Why would your daughter not feel entitled to a brand-new American Girl doll this year? She was told by the commercial that she deserved it!

This is a difficult decision for you and your kids this year. I want to suggest that you simplify the process to reduce the temptation to buy endless gifts.

More presence. Presents less.

Turn off the TV and radio. Also, step away from social media for a while. These devices are a magnet for temptation.

Choose to buy fewer presents this year. It’s not that I suggest you purchase no gifts this year. After all, it’s the season to give. Just not as many.

 

Please stick to the four items on your child’s list: what they want, what they need, what they wear, and what they read. Simple!

Don’t forget, too, to give with mindfulness. Any parent will tell you that a heartfelt gift is more lasting than ten insignificant ones.

As always, the most valuable gift you can give is your time.

You may think, “Ha!” Why don’t I tell that to my 16-year-old?

This is a truly great gift, even if it means giving the gift differently.

Even teenagers can benefit from some one-on-one time, or as my Positive Parenting Solutions(r) members refer to it, mind, body, and soul time.

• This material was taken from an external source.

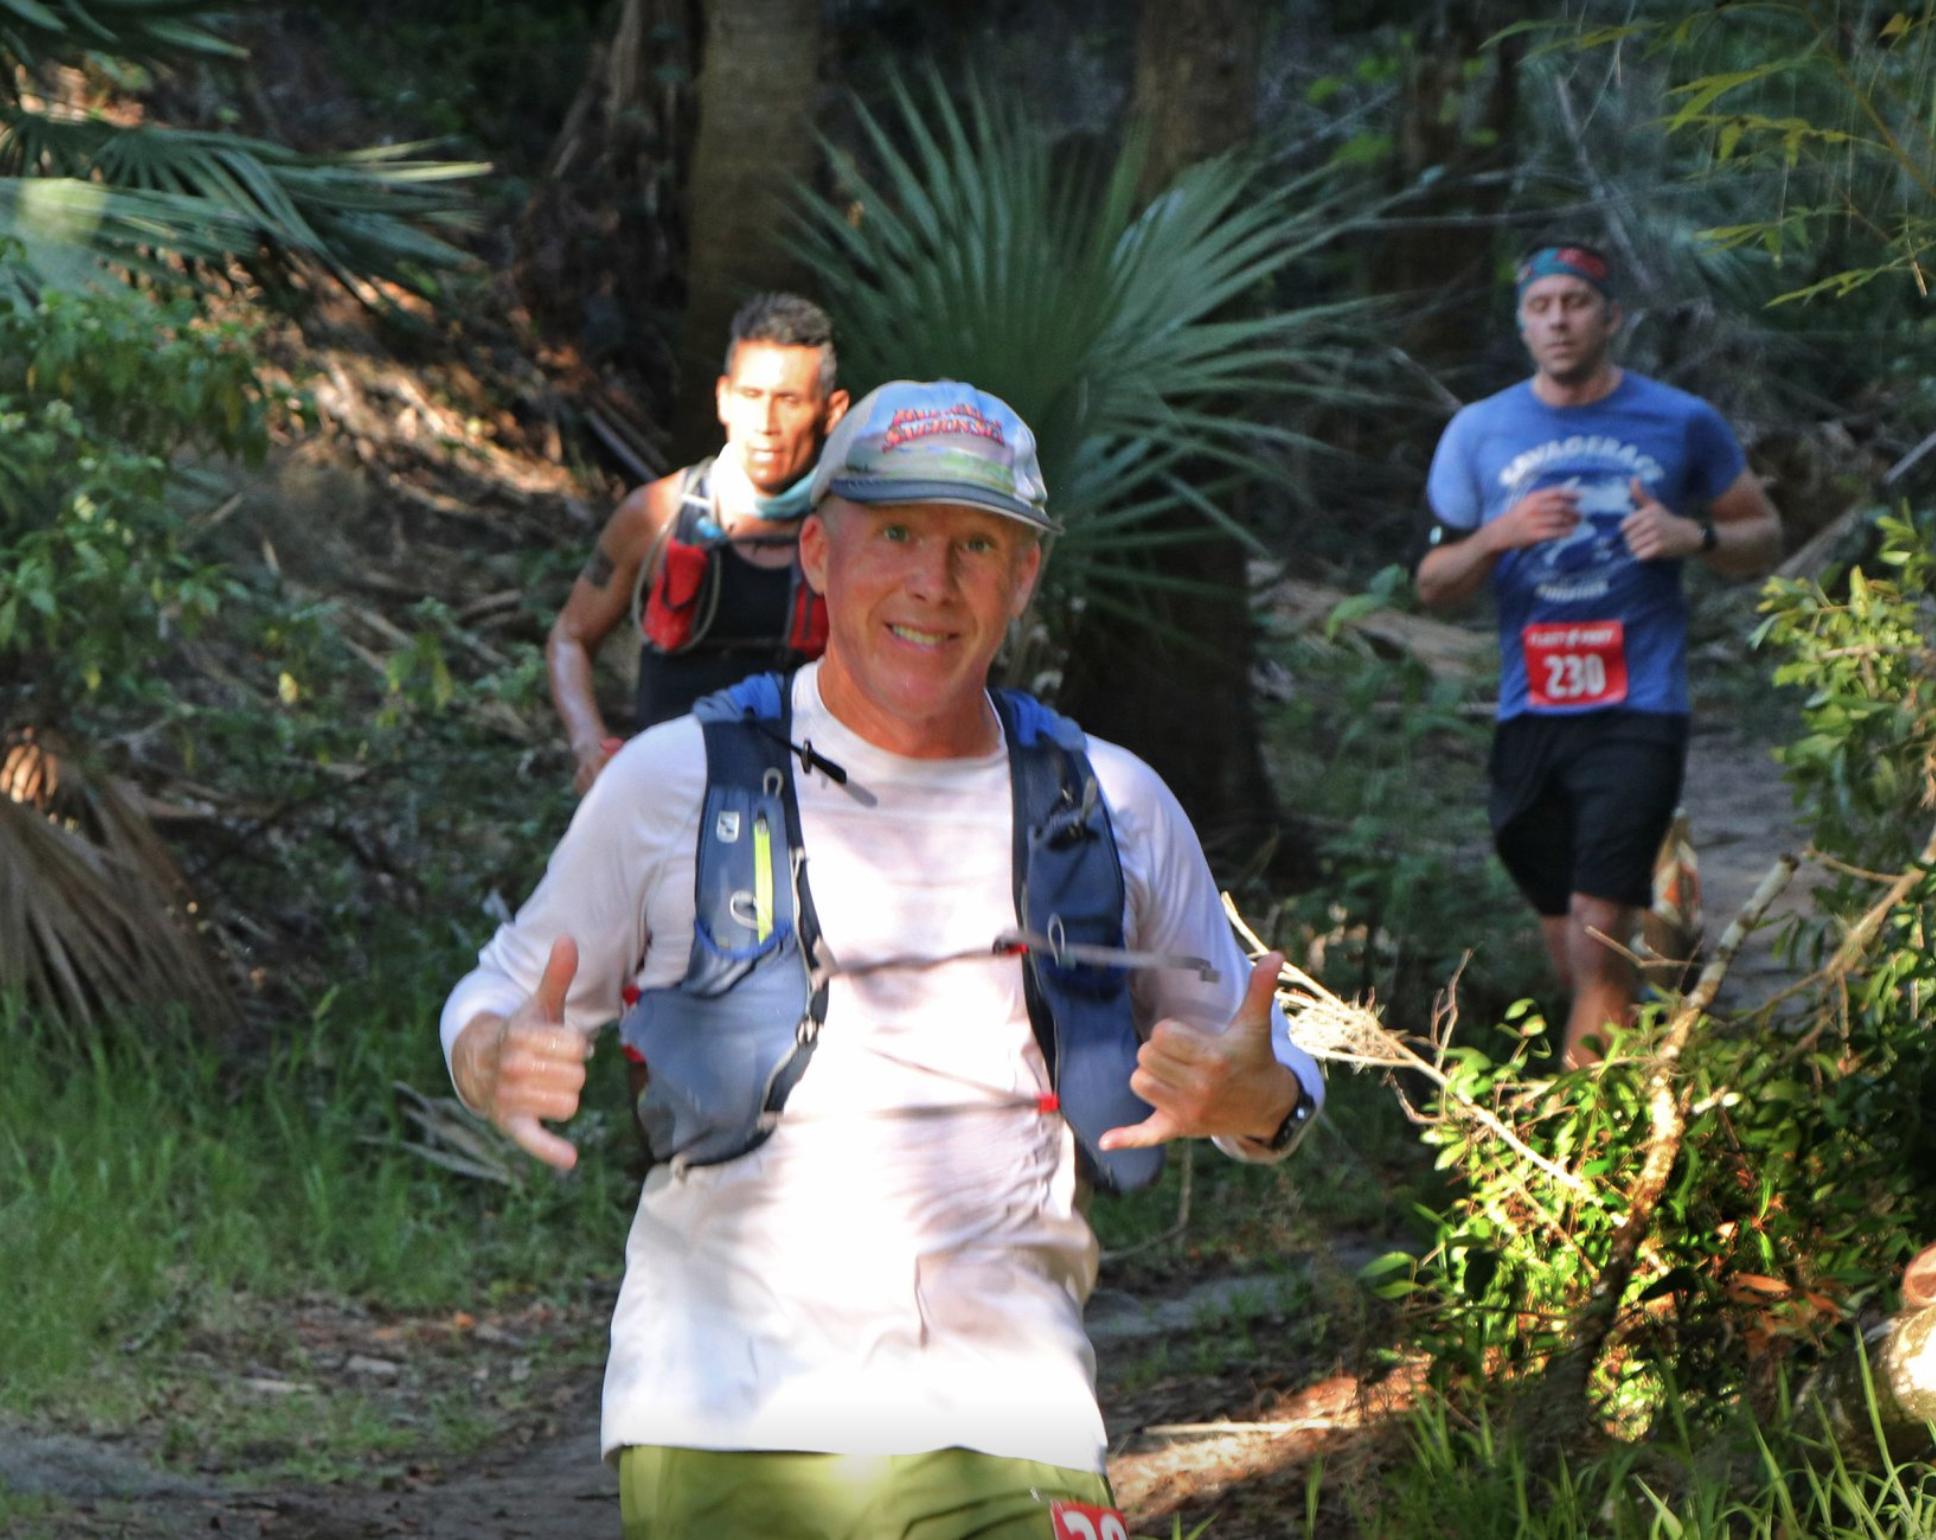 Runner on the trail posing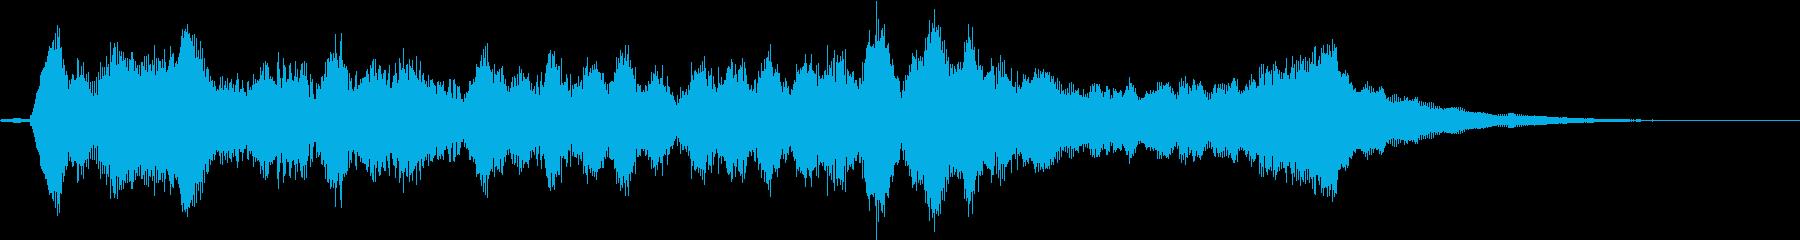 生演奏:美しく折り重なる弦楽四重奏の再生済みの波形

Would your 16-year-old enjoy a spa day with Mom? Your 5-year-old would love a trip to the zoo. Choose something fun (together!) Turn it into a present!

You will not only be giving a gift of time and attention but also a great experience. This is a great deal that gives you two things for the price of one!

Final Thoughts

It can be a real drag on the holidays when all your children say is Me, me, me, or “gimme gimme gimme.” I believe that no parent wants to raise a child who is entitled.

Help is never far away. You’ve found the right place if you are currently in the trenches with entitled children and terrified of the holiday season.

These four tips may be simple, but they are so powerful! They are simple but so effective!